Half of promised Western military aid to Kyiv is failing to be delivered on time, Ukrainian Defence Minister Rustem Umerov despaired on Sunday as he issued a call for benefactors to make haste to save his country from potential ruin.

Ukraine blamed the claimed tardiness in deliveries of donated aid as having negative consequences for its two-year fight against Russia, AFP reports.

“At the moment, commitment does not constitute delivery,” Umerov said during a commemoration to mark the second anniversary of Russia’s invasion of its neighbour.

“Fifty percent of commitments are not delivered on time,” he added, even as contributors continue to send tens of billions of dollars worth of help.

Umerov argued Ukraine is being put at a further disadvantage “in the mathematics of war” against Russia, which the West has said is increasingly building a war economy.

He said that delayed aid will mean Kyiv will “lose people, lose territories”, especially given Russia’s “air superiority.”

“We do everything possible and impossible but without timely supply it harms us,” he said, although others are arguing to the contrary.
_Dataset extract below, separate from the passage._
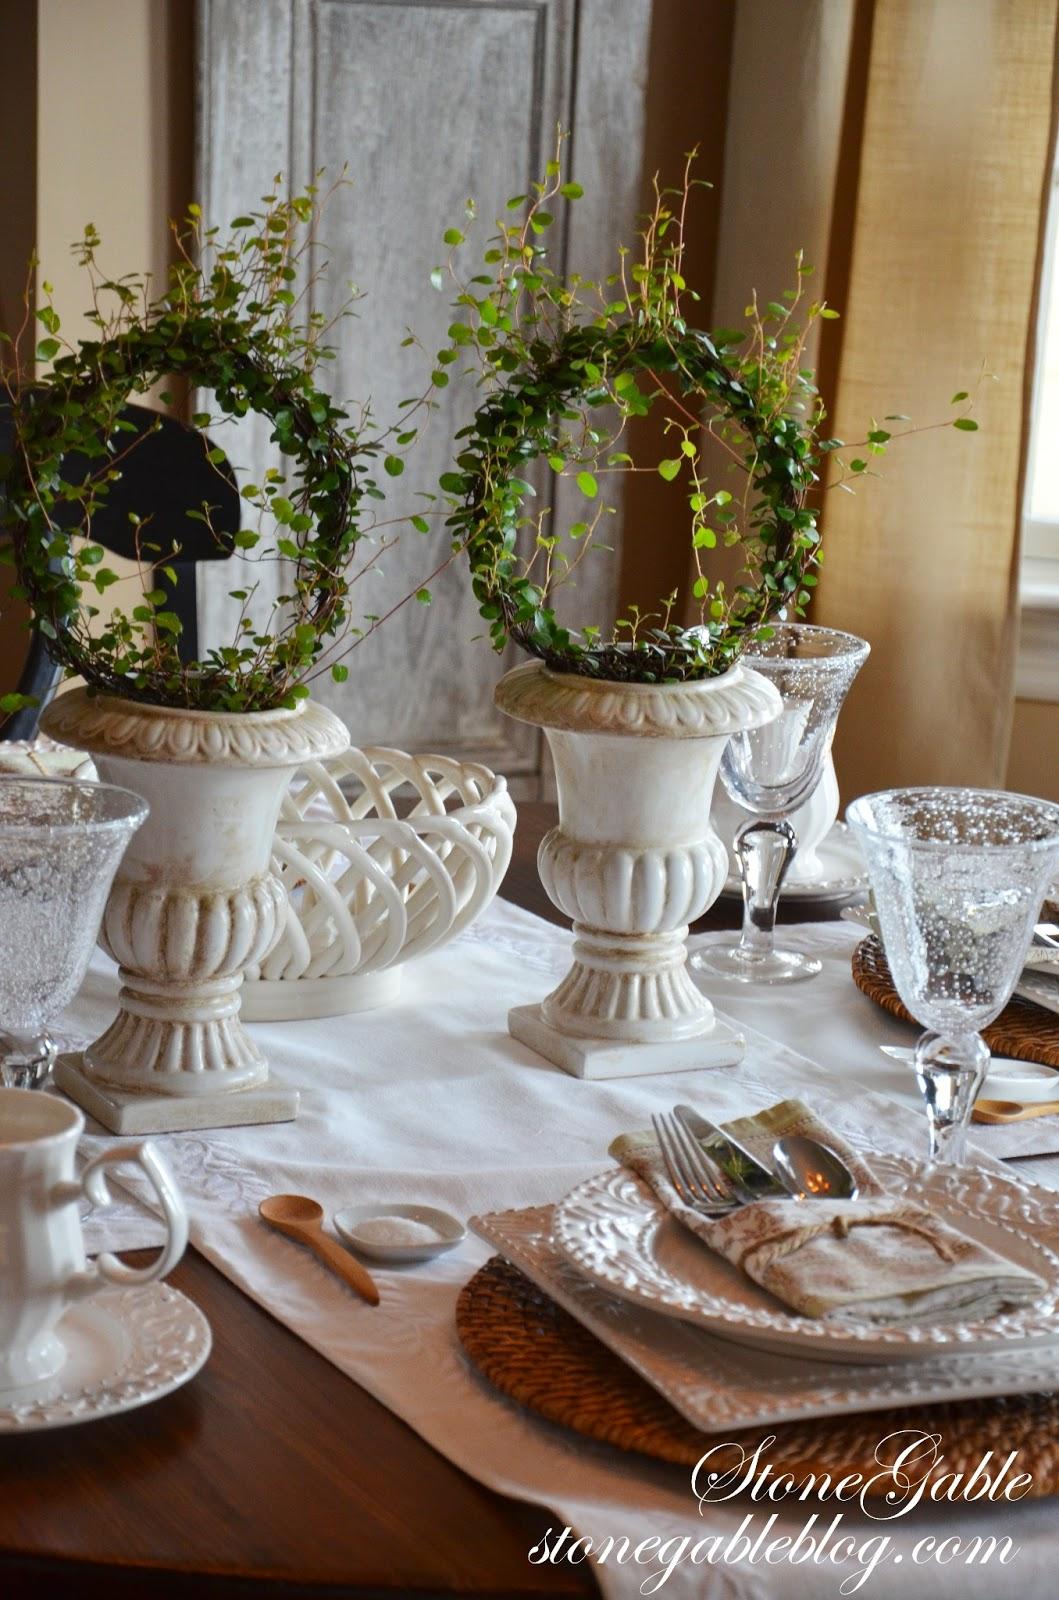 FORMULA FOR SETTING A CASUAL TABLE - StoneGable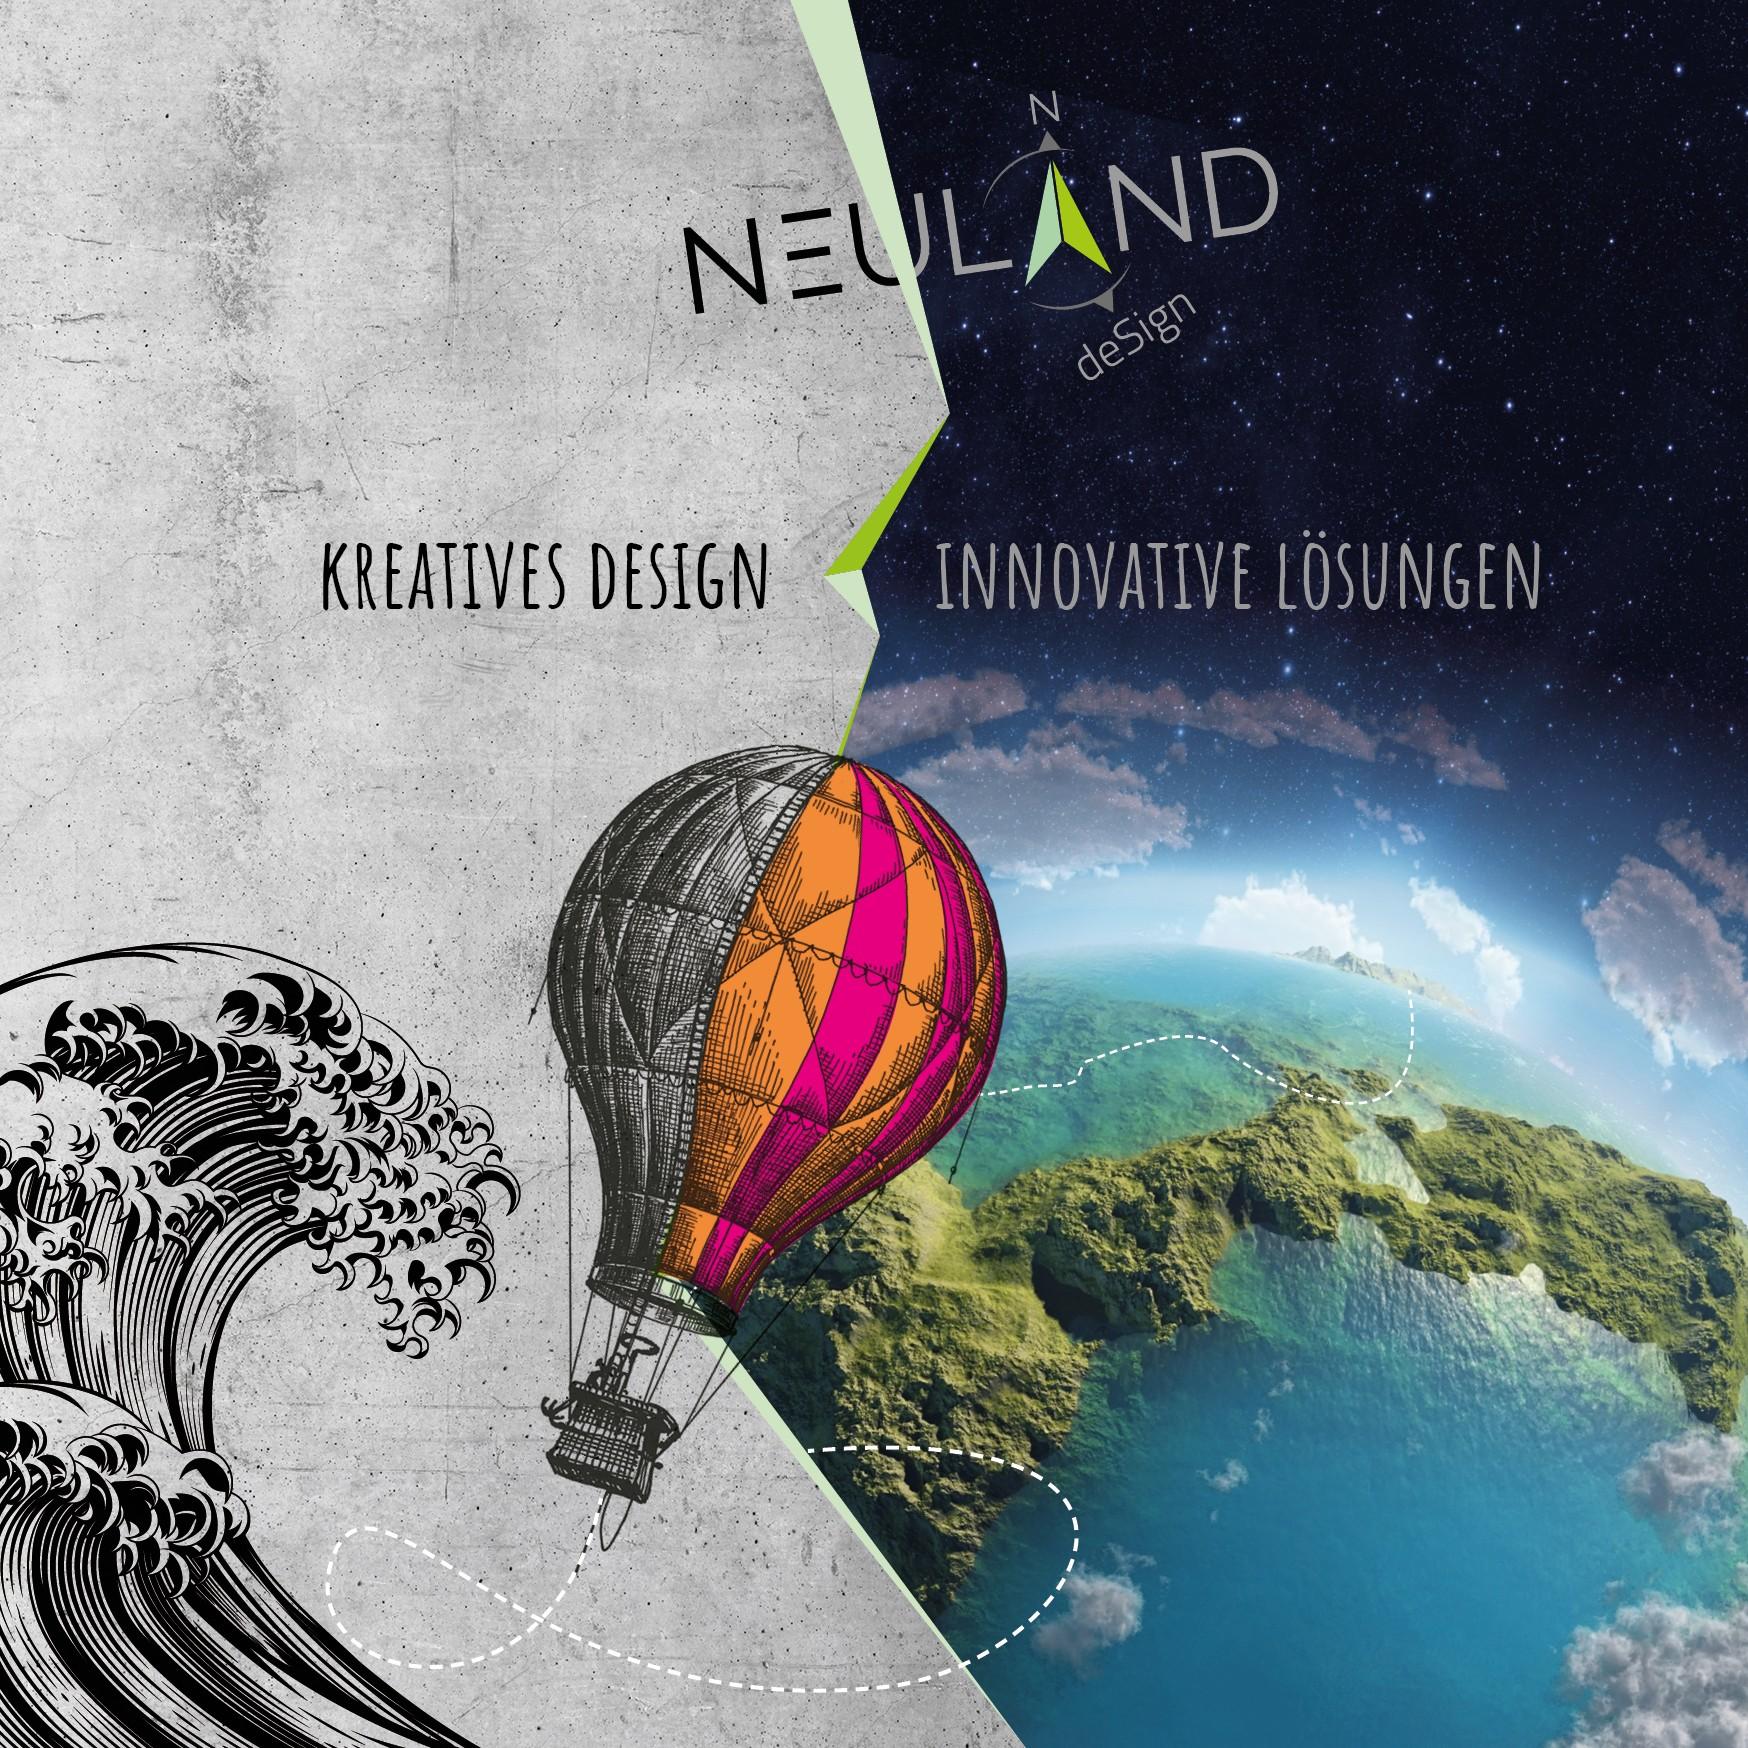 neulanddesign, designliebe, schwarzwaldliebe, kreativ, innovativ, Kommunikationsdesign, Marketing, bahlingen, freiburg, kreativ,

File/A Royal Australian Air Force air movements operator from No. 23 Squadron guides a donated Bushmaster protected mobility vehicle bound for Ukraine onto a C-17A Globemaster III aircraft at RAAF Base Amberley, Queensland. (ADF)

Earlier this month Sen. J.D. Vance (R-OH) told an international security conference in Munich, Germany, the $60 billion package of U.S. aid stuck in Congress wouldn’t “fundamentally change the reality” on the ground in Ukraine.

Ukrainian President Volodymyr Zelensky, U.S. Vice President Kamala Harris and others are demanding passage of the aid without hinderance, as Breitbart News reported.

But Vance told the final day of the conference, an annual gathering of security and foreign policy officials, “the problem in Ukraine … is that there’s no clear end point” and the U.S. simply doesn’t make enough weapons to support endless wars in eastern Europe, the Middle East and “potentially a contingency in East Asia.”

House Speaker Mike Johnson insists he won’t be “rushed” into approving the $95.3 billion foreign aid package from the Senate that includes the help for Ukraine, but the bill has been held up by Republican opposition over its lack of funding and support for U.S. border security.

Johnson said he had requested a meeting with President Joe Biden months ago on these issues, and was still waiting for the opportunity to talk one-on-one.

If the package goes through, “that is not going to fundamentally change the reality on the battlefield,” Vance argued, pointing to limited American manufacturing capacity.